In his first blog on linked in Richard Branson gave five tips to budding entrepreneurs. The first amongst them was to listen more than to talk,
‘We have two ears and one mouth, using them in proportion is not a bad idea!’ Richard Branson.
At S A Partners, when we expand and explain the people enabled practices of our Lean Business Model, we also emphasise the important skills of active and genuine listening. As humans, we share certain tendencies when it comes to listening:
- Our thoughts often run ahead of the speaker and we don’t take it all in, just bits
- We think we know what is being said so we only partially listen
- We hear our own thoughts instead
- Our mind wanders
- We miss the main point – hearing just the words, not the meaning
- We look instead of listen (think how easy it is to remember a name but not a face when being introduced to someone)
- We fake attention
The list suggests that our natural tendencies as regards listening are weak.
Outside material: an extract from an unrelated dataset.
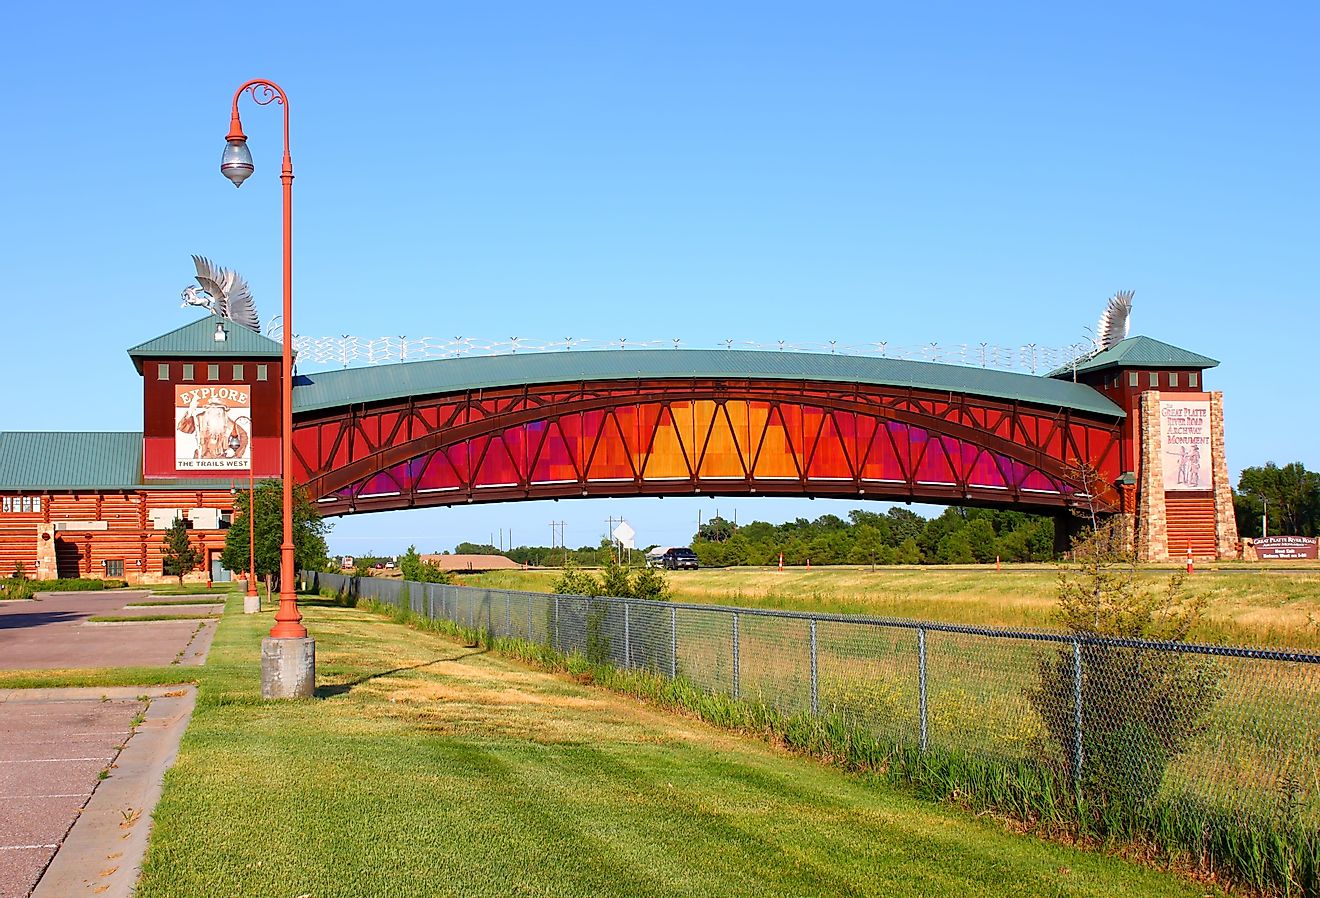  The Great Platte River Road Archway in Kearsey, Nebraska. Image credit Jason Patrick Ross via Shutterstock.

Like all lean practices, listening is a skill we can practice and become better at. The first important step is recognising that we need to do something about it.
For inspiration in that regard, here’s a list of words and phrases people tend to say about how they feel when they think they are really being listened to:
Sense of worth
Gives me feedback
Gives me clarity
Sense of sharing
How great to be able to make make others feel this way!